Treat the line containing "Images with coatsle powerpoint template." as the first line of the answer and the last line of the data as its final line, reproducing every line between exactly.

#### Supplied data
[Start of section]

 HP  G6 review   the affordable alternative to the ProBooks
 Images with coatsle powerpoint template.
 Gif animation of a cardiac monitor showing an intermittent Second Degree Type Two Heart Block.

[End of section]

#### Response to the exercise
 Images with coatsle powerpoint template.
 Gif animation of a cardiac monitor showing an intermittent Second Degree Type Two Heart Block.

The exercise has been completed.